Literature Barr, D. J., Levy, R., Scheepers, C., & Tily, H. J. (2013). Random effects structure for confirmatory hypothesis testing: Keep it maximal. Journal of Memory and Language, 68(3), 255–278. https://doi.org/10.1016/j.jml.2012.11.001 Matuschek, H., Kliegl, R., Vasishth, S., Baayen, H., & Bates, D. (2017). Balancing Type I error and power in linear mixed models. Journal of Memory and Language, 94, 305–315. https://doi.org/10.1016/j.jml.2017.01.001

dmbates commented 3 years ago

issue528.zip

This zip file contains a Pluto notebook, the .html file from running the notebook and the Project.toml file from the directory, The notebook is derived from your code. If you want to run it yourself you should be able to expand the zip file in a clean directory, install the Pluto package if needed then run

using Pluto
Pluto.run()

This brings up a browser window with an Open File selection. You should be able to select issue528.jl and have it run. Please let us know if this doesn't work. We are experimenting with using Pluto notebooks for responding to issues.
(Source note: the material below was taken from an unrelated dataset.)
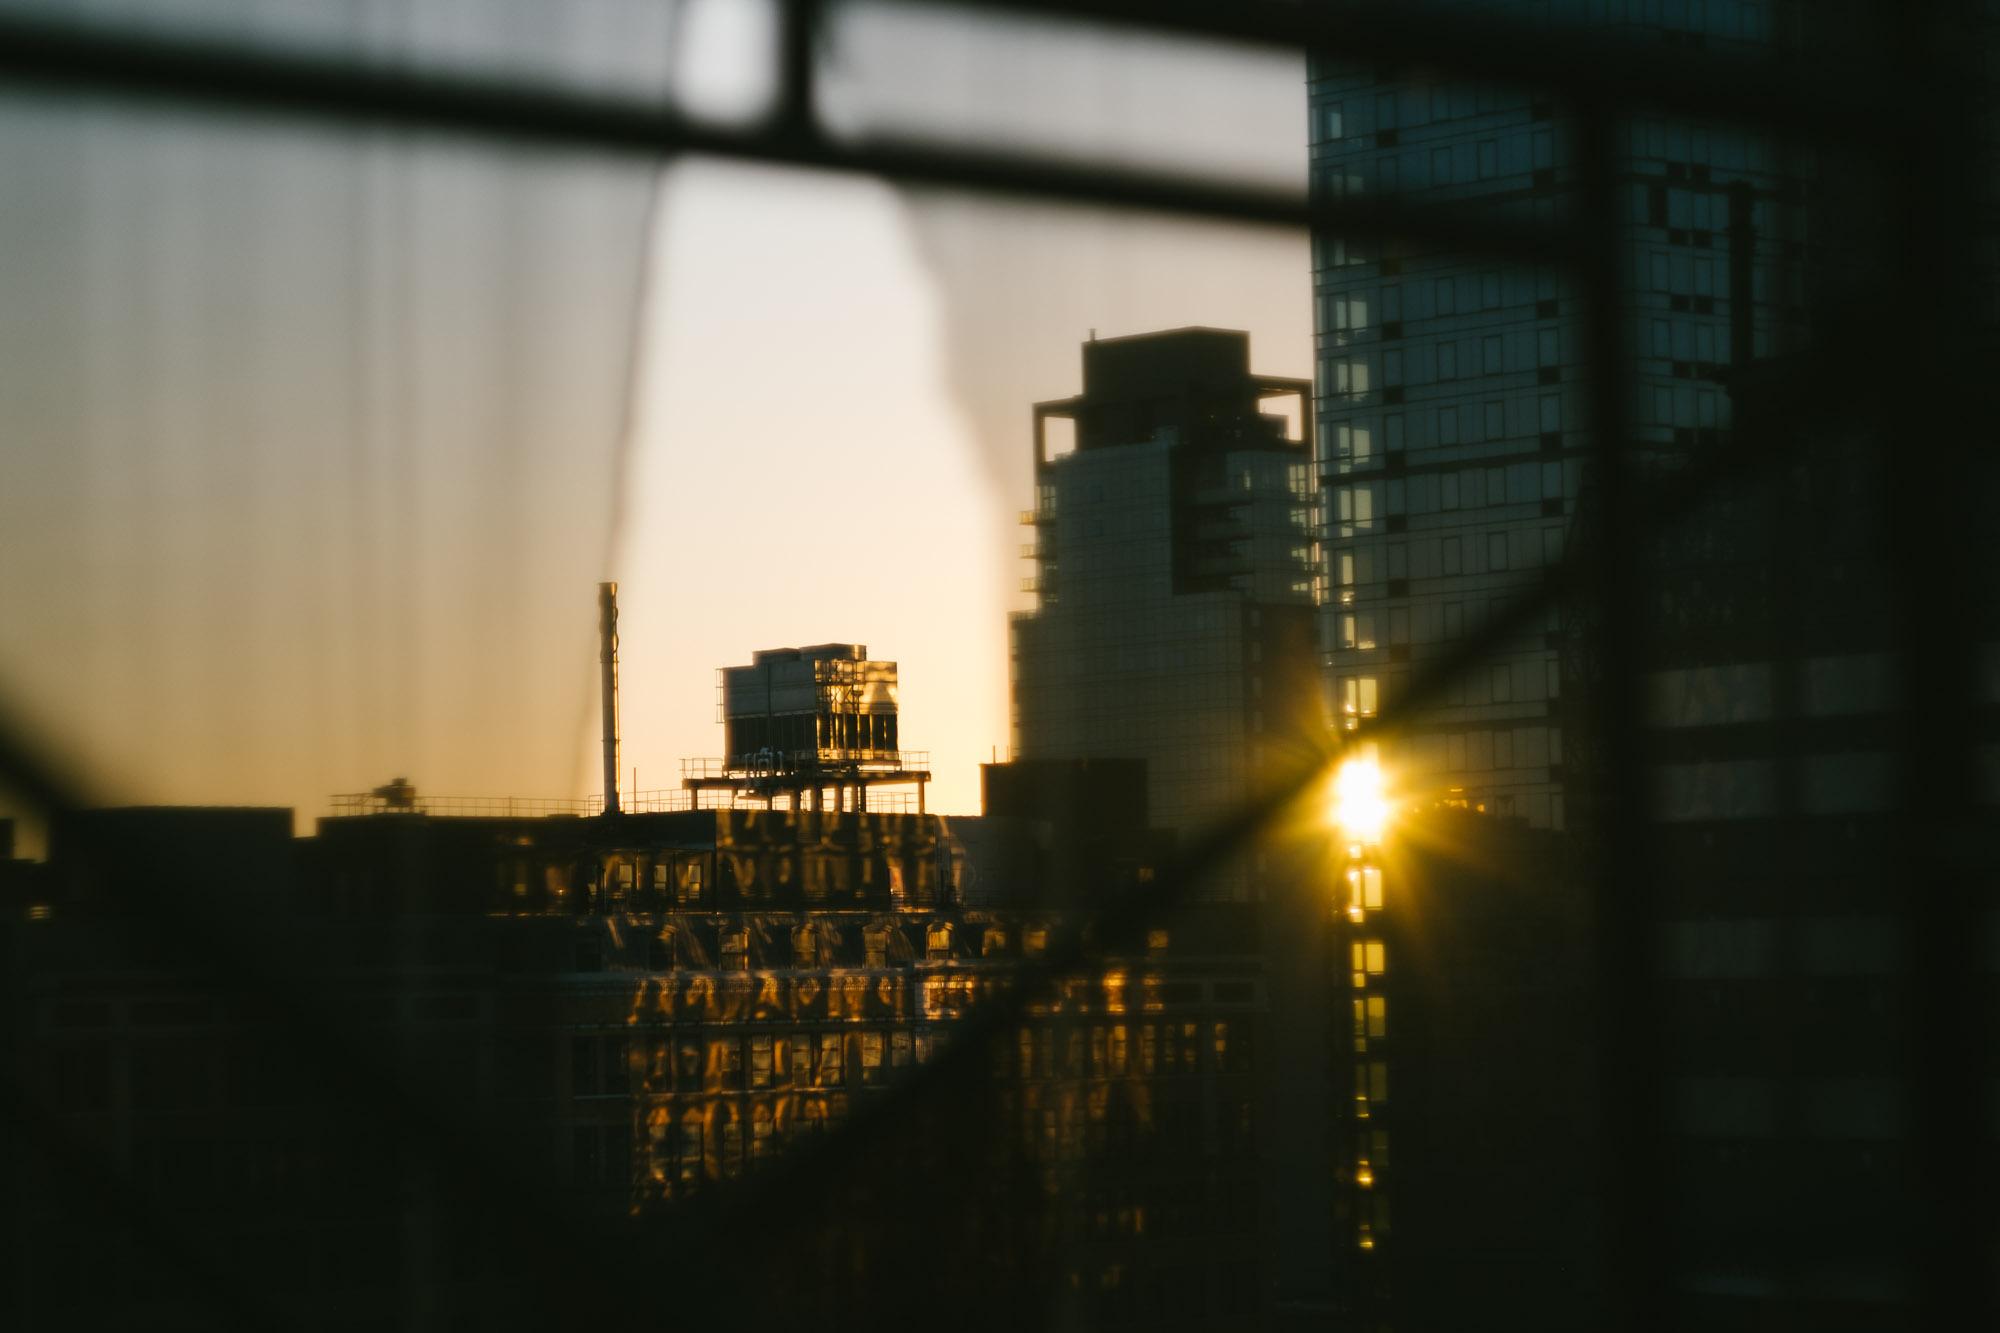 Sunset in Midtown. Fuji X-Pro 1, Helios 44-4

It is true that the deviance of fits m1 and m2 are slightly different but that isn't unexpected. As I mentioned before, there are only 5 distinct levels of item and there are 6 parameters in the covariance matrix for the random effects for item being estimated from these 5 levels. This will necessarily produce a very flat likelihood surface. You can't get any precision on these parameters because they can trade off against each other. This imprecision will carry over to the other parameters, including the fixed-effects parameters. When you switch the order of the A, B, C & D columns the order of the initial evaluations of the objective will change (use verbose=true in the call to fit to see the gory details). This may be what causes convergence to another optimum. I don't know enough about the internal details of the BOBYQA algorithm to say for sure.

You may find that using fast=true in the call to fit helps to stabilize the estimates but there are other trade-offs in doing that.

I don't have any hard and fast rules about how complex to allow the covariance structure for the random effects to become. It would have been a lot easier of Barr et al. had written a software package to reliably fit the "maximal" models that they claim must always be used but I haven't seen any software from them. :smile:

LeonardoJost commented 3 years ago

Thank you so much for your help. I'll then try my best to reduce the models and report plausible values while acknowledging possible small uncertainities.

The Pluto package takes some getting used to but works very well. Thank you also for the feedback on my code. I'm still new to Julia and especially generating distributions is still much easier in R for me.

dmbates commented 3 years ago

Can we close the issue now or are there further considerations you would like to discuss?